In getting a string of CFWLA (Center for Faith + Work Los Angeles) activities lined up for the year I’ve found myself recently buried in a long string of emails, phone calls, lists of details to follow up on, and scheduling coordination. On any given day I might finish a few of these or spend several hours doing tedious editing on a section of curriculum for one of our programs. The sense of God’s favor and concern over the “administrivia” of my daily grind so easily escapes me even as the main theme of CFWLA is the restoration of all of our work for God’s glory and purposes. A book I read over the holiday had a chapter that caught my eye and was a welcome return to the goodness of even our daily tasks of minutiae.
The Sacred Ordinary
Tish Harrison Warren’s recent The Liturgy of the Ordinary does a wonderful job capturing how the regular rhythms of our lives are rich with opportunity to experience God’s presence. Related to the more mundane chores of our vocational tasking she writes,
At times, this big vision of the missio Dei [mission of God] can make its way, very obviously, into our mission and purpose statement, our life goals and vision, but it can easily get lost in the daily grind. For me, being a “blessed and sent” one on God’s mission seems distant and inscrutable in the annoying task of email.1
I remember my life of management in aerospace, facing dozens of new email each day and if I went on vacation and resisted staying connected to the office, sometimes hundreds would be waiting for my arrival. I could feel the dread of return build towards the close of these times away from work. But I knew this was not the whole truth of these tasks as Warren continues,
Yet each message in my inbox, in some way, touches on my vocation, or rather, vocations. Each email has to do with my professional, family, and civic life.
We know as believers that instinctively, every act should be integral to serving and loving God or Scripture quickly loses its coherency.
And whatever you do, in word or deed, do everything in the name of the Lord Jesus, giving thanks to God the Father through him… Whatever you do, work heartily, as for the Lord and not for men. – Col 3:17, 23
But how do we begin to see the perfunctory details of our lives as significant with a kingdom vision? Warren recounted a friend’s reply regarding his work.

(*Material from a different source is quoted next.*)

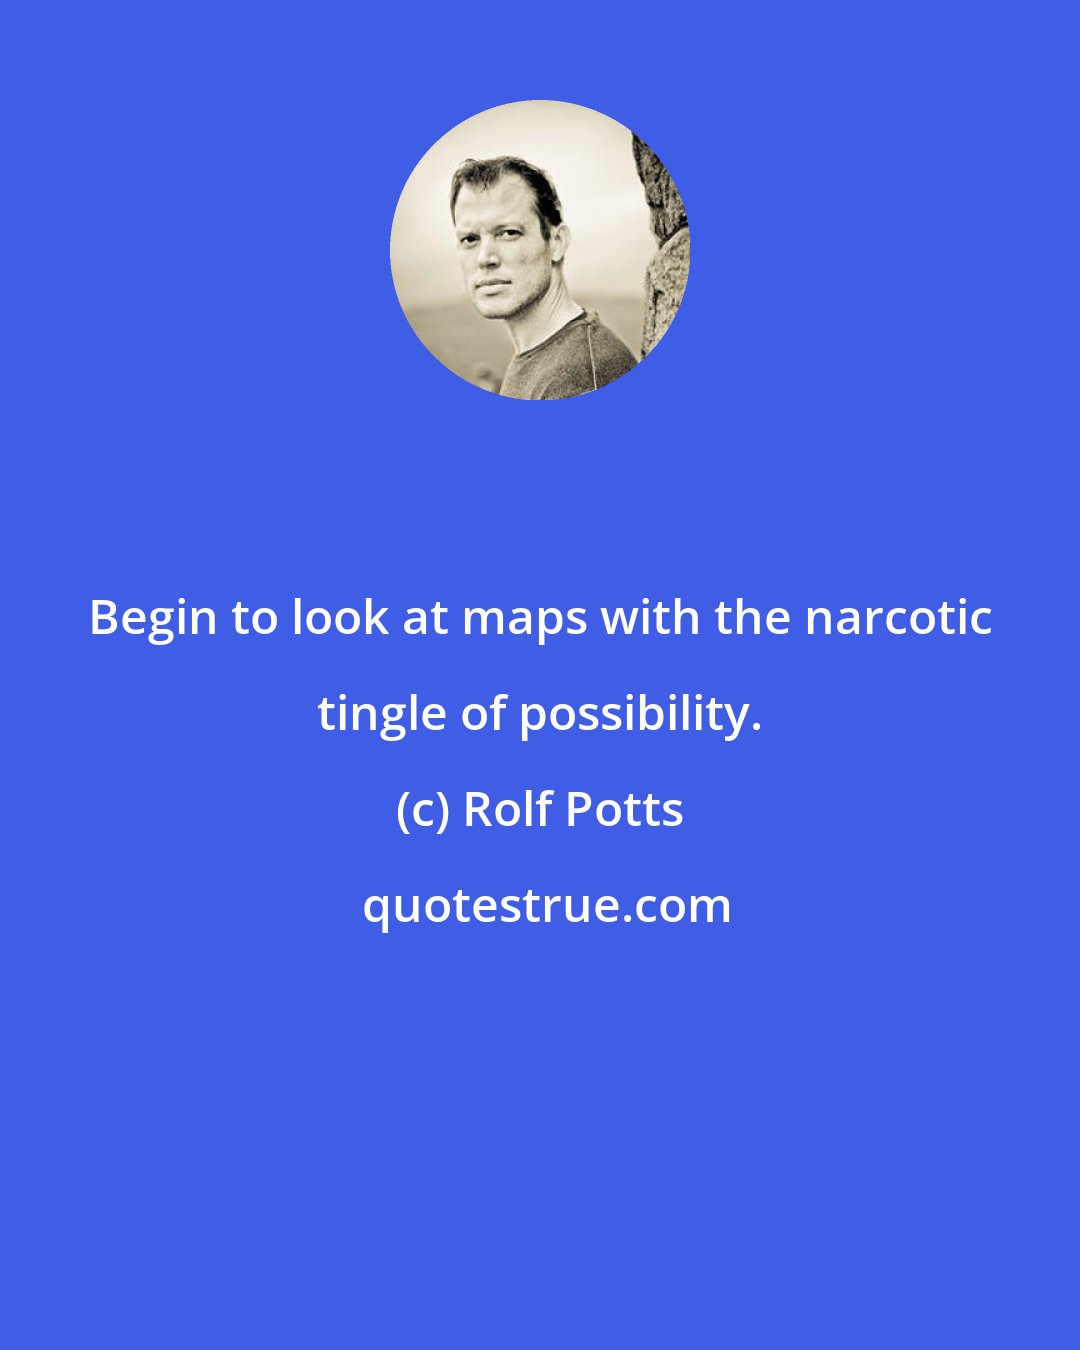 Rolf Potts: Begin to look at maps with the narcotic tingle of possibility.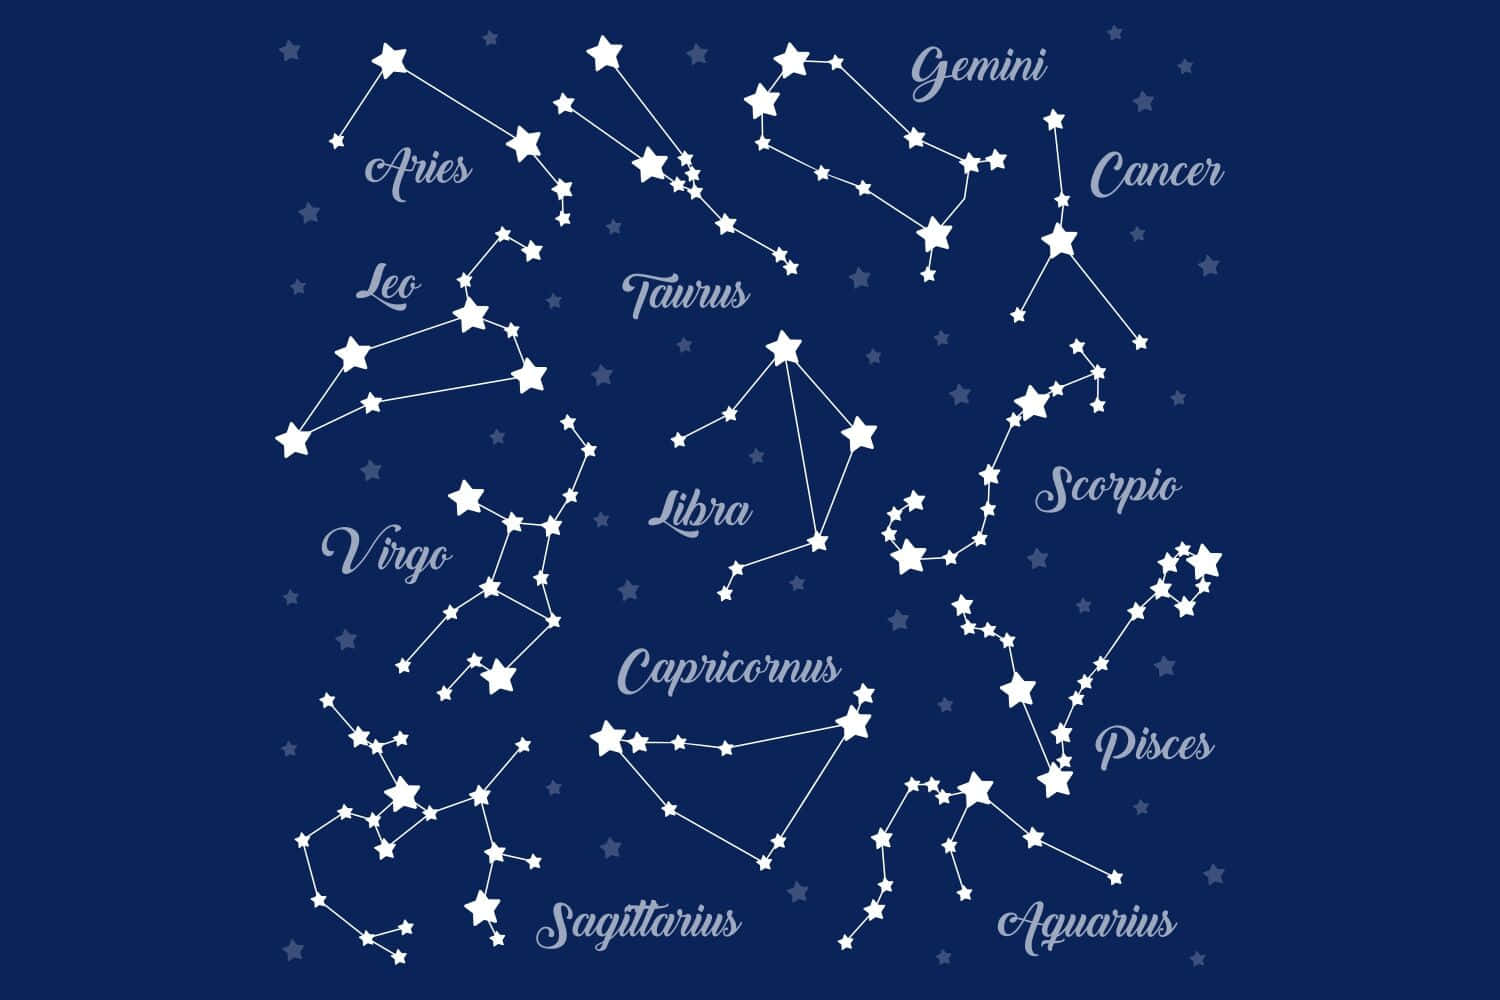 Zodiac Signs - The Foundation of Astrology

He’s doing good work and making an impact through his career. But when you ask him what he does for a living, he answers, “If you ask my kids, they’d tell you that I check emails and go to meetings.” This kingdom vision— our identity as those blessed and sent— must work itself out in the small routines of our daily work and vocation, as we go to meetings, check our email, make our children dinner, or mow the lawn.
It appears that God cares about what I often refuse to care about in my small and seemingly insignificant but faithful efforts. Martin Luther, the Reformation giant, once said that “God himself will milk the cows through him whose vocation it is.” Warren reflects,
But could God himself check email through me? Could he balance the family budget and fold the laundry through me? Could he fill out bureaucratic work forms through me? Does he care about any of this?
Connecting the Dots
She answers her and my question in realizing that what makes us and our work holy is not the abstract concept of some distant impact or significance we assign it but rather the intimate involvement with our Creator in the act of work itself.
My identity as one who is “blessed and sent” must be embraced and enfleshed, even in these hours of email as I seek to form better habits of responsibility and discipline. These are the small tasks in which we live out God’s blessing and into which we are sent; we are blessed and sent into the real ways that we spend our hours.
We must resist the temptation to make certain types of work or career paths more noble or holy as this pushes God away from our present moment.
This new year, let’s invite our Lord into the small things and remember his promise to those who invest care in the small stuff of life.
“Well done, good and faithful servant. You have been faithful over a little; I will set you over much. Enter into the joy of your master.” (Matt. 25:21)
1 Warren, Tish Harrison. Liturgy of the Ordinary: Sacred Practices in Everyday Life (pp. 92-93). InterVarsity Press. Kindle Edition.